DataLoader with jdl.Generator first batch: (array([[ 6,  7],
       [10, 11]], dtype=int32), array([3, 5], dtype=int32))

2. Using `jax.random.PRNGKey`¤

Directly use a jax.random.PRNGKey as the generator.

# Create a JAX PRNGKey
key = jax.random.PRNGKey(4321)

# This dataloader will use the JAX key, overriding any global seed
# jax-dataloader handles the key internally for reproducible iteration.
dl_jax_key = jdl.DataLoader(ds, backend='jax', batch_size=2, shuffle=True, generator=key)

print("DataLoader with JAX PRNGKey first batch:", next(iter(dl_jax_key)))

DataLoader with JAX PRNGKey first batch: (array([[ 6,  7],
       [10, 11]], dtype=int32), array([3, 5], dtype=int32))

3. Using torch.Generator¤

When using the 'torch' backend, you can use a torch.Generator.

# Create a PyTorch generator
g3 = torch.Generator().manual_seed(5678)

# This dataloader uses the 'torch' backend and the PyTorch generator
dl_torch_gen = jdl.DataLoader(ds, backend='pytorch', batch_size=2, shuffle=True, generator=g3)

print("DataLoader with torch.Generator first batch:", next(iter(dl_torch_gen)))

DataLoader with torch.Generator first batch: [array([[ 0,  1],
       [14, 15]], dtype=int32), array([0, 7], dtype=int32)]

Trade-offs: Global Seed vs. Per-Dataloader Generators¤

Consider these trade-offs when deciding how to manage randomness.

Global Seed (`jdl.manual_seed()`)¤

Simplicity: Very easy to implement with one line for basic reproducibility.
Implicit Consistency: Automatically ensures dataloaders created subsequently (without their own generator) share the same base randomness, useful for simple synchronization.

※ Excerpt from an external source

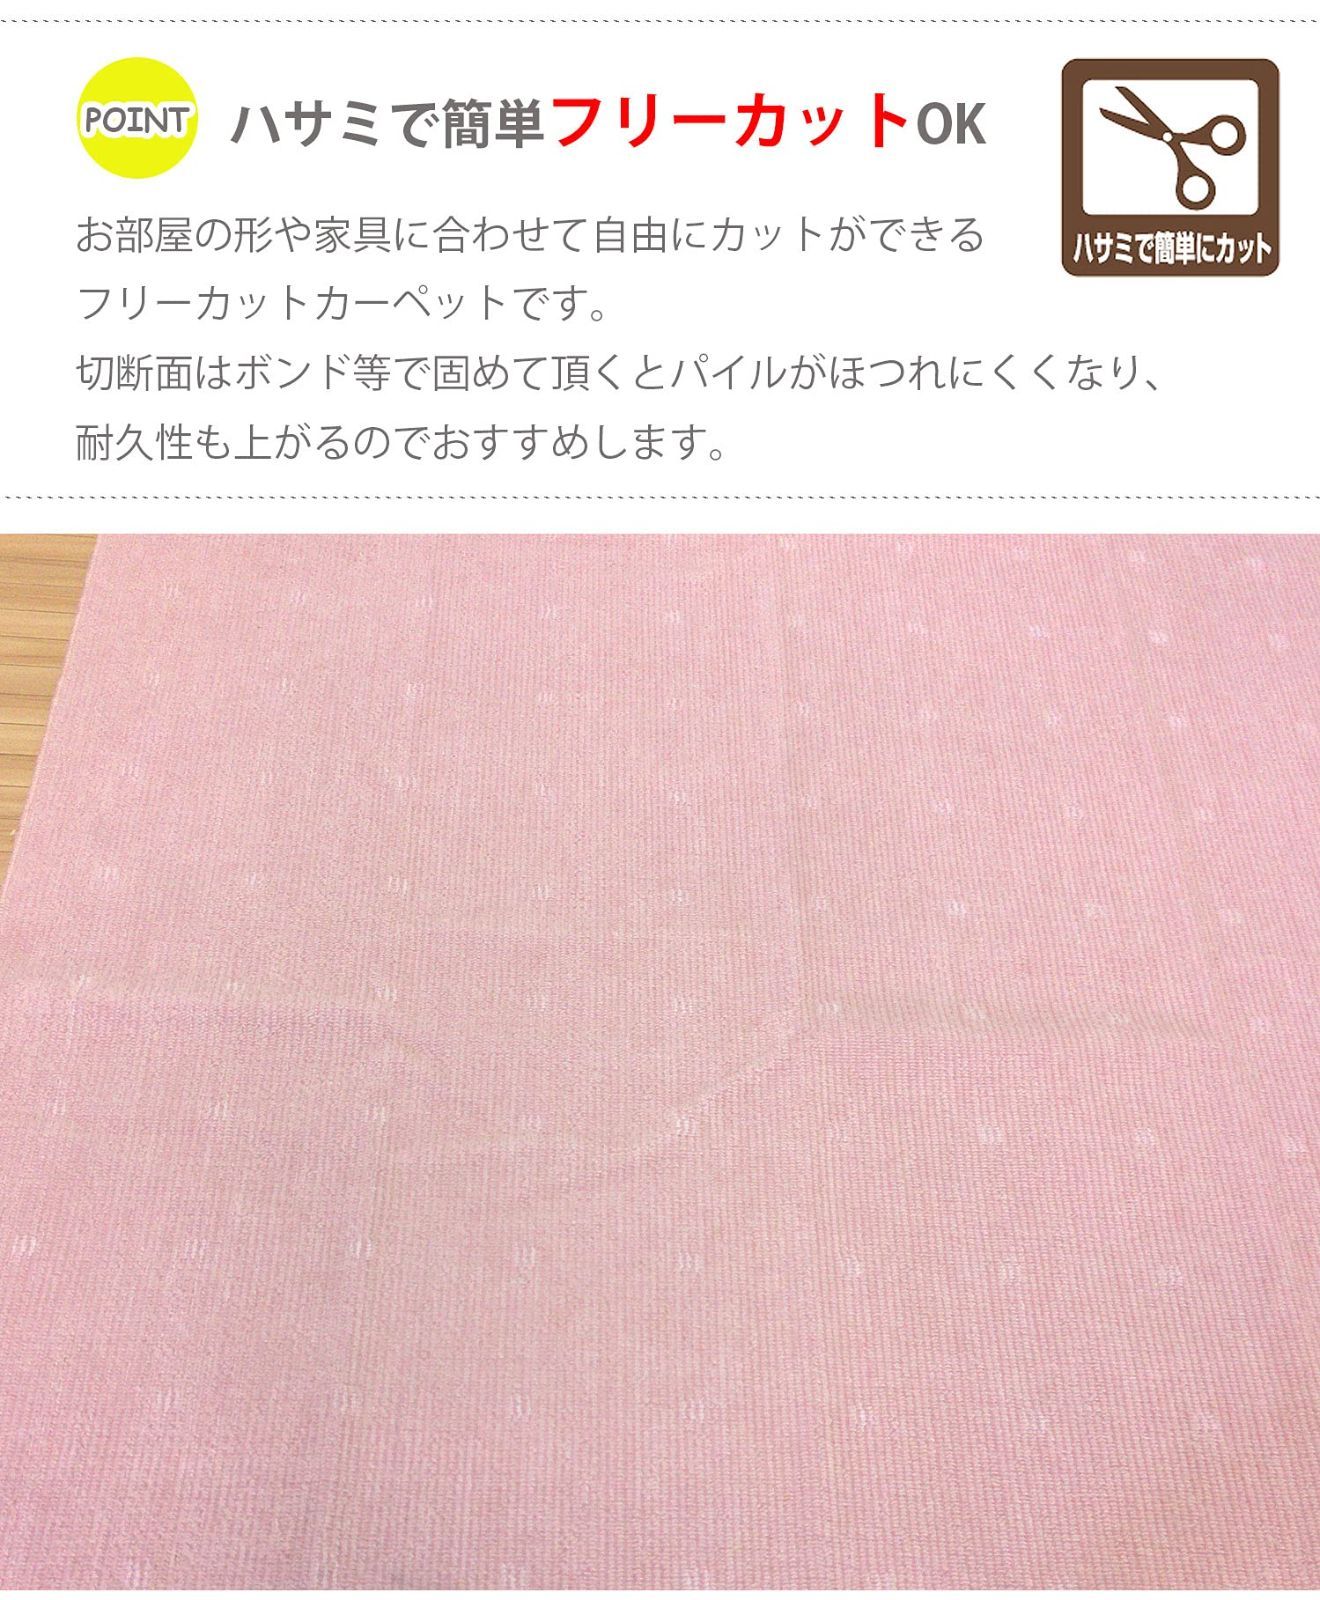 OPIST カーペット ラグマット 抗菌 日本製 江戸間 8畳サイズ 352×3

Per-Dataloader Generator (`generator=...`)¤

Fine-grained Control: Allows independent and precise randomness management for each dataloader.
Isolation: Prevents randomness in one dataloader from affecting others.
Integration: Works naturally with JAX keys or PyTorch generators.
Modularity: Better suited for complex applications or libraries where components need self-contained randomness.